As mentioned above, I am using DPM 2010 to backup all the Hyper-V guests from the hosts that are part of the cluster with Cluster Shared Volumes. I therefore have downloaded and installed the VSS Hardware provider provided by HP Lefthand.
This was working until I installed the QLogic HBA in each host.
Now that the iSCSI connection is established at the HBA level (no TCPIP connectivity presented to the OS), the LeftHand VSS provider cannot connect to the SAN to create the snapshot, when DPM requests a backup to get started of any of the VM guests on the cluster.
So I thought this could be fixed by either using a separate network card within the host and connected it up to the SAN network, or by simply install the Ethernet Controller driver for the QLogic adapter so that it is also recognised as an ethernet controller.
After doing the above (I've tested both), the VSS Hardware provider can see the SAN (TCPIP connectivity is established at the OS level) and is able to create a snapshot at the SAN level.

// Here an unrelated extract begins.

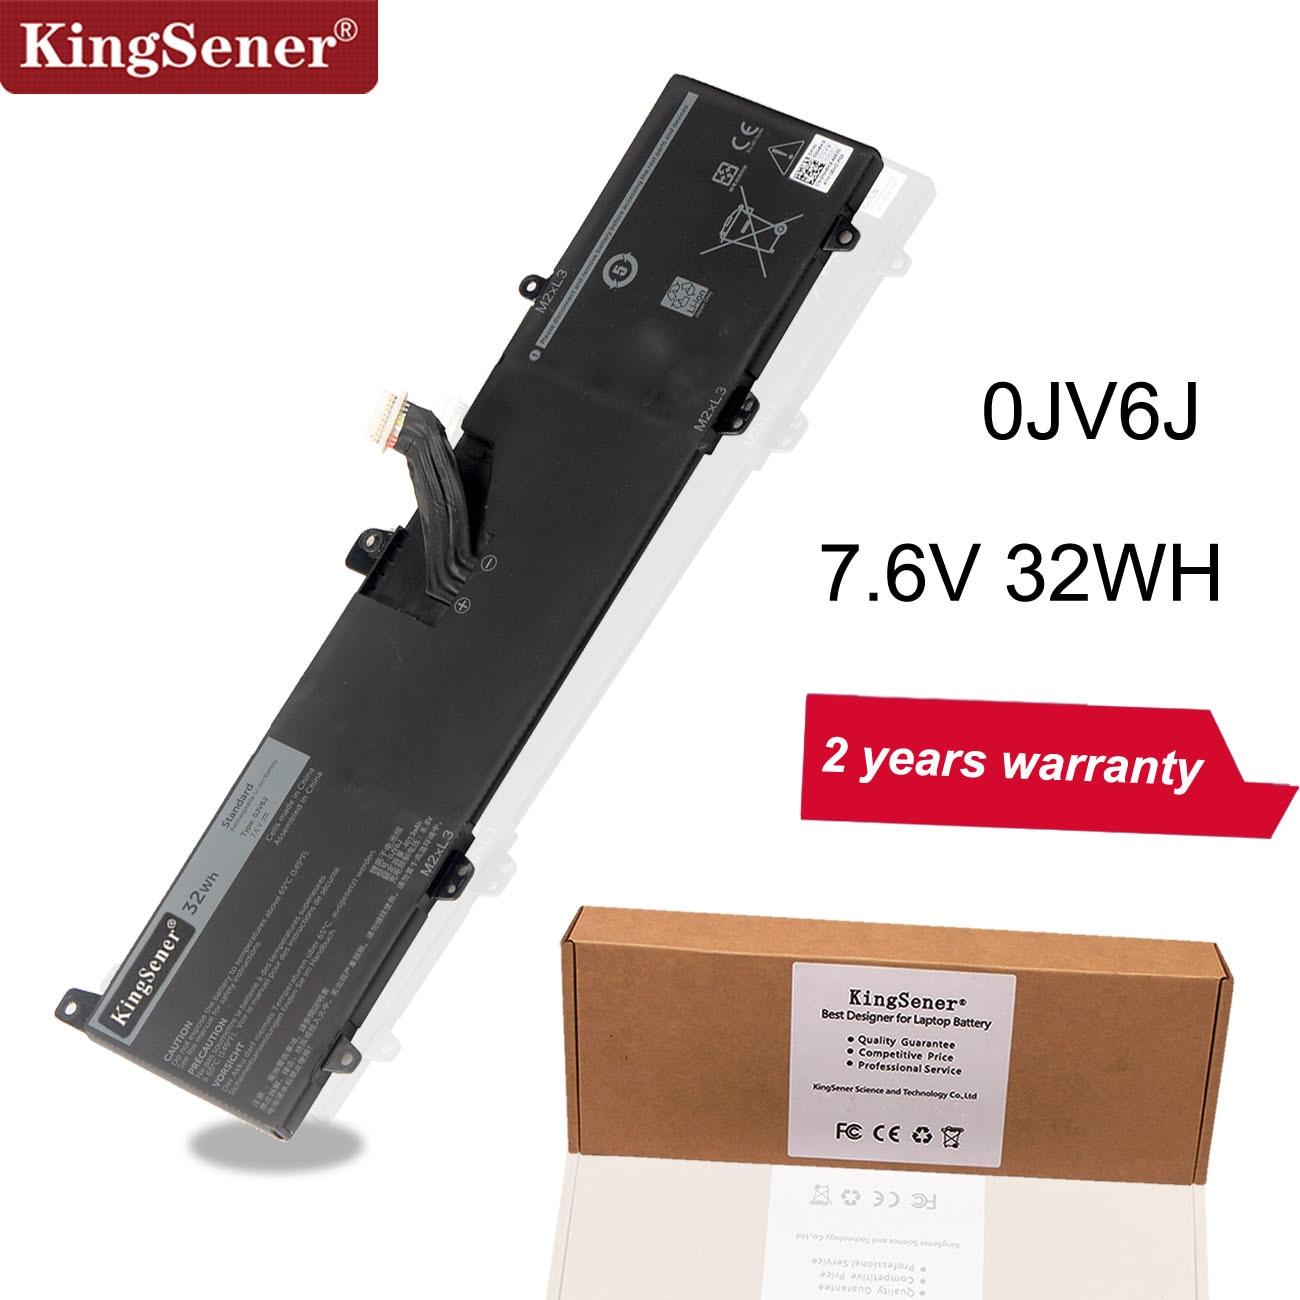 KingSener 0JV6J Laptop Battery For Dell Inspiron 11-3000 3162 3164 3168 8NWF3 PGYK5 0HH6K9 7.6V 32Wh

The problem is that, after the VSS hardware provider has created the snapshot on the SAN, the Hyper-V host cannot establish an iSCSI session to this snapshot to start the backup.
The Application event log on the host shows the following error:
Event ID 266 - HP P4000 VSS Provider: "Failed to connect snapshot LUN , 0x80001034 - Volume connection failure."

I can see the actual snapshot volume in the Microsoft iSCSI initiator, but the status keeps saying: "Reconnecting" and eventually, the DPM backup fails and the error above is logged in the event log.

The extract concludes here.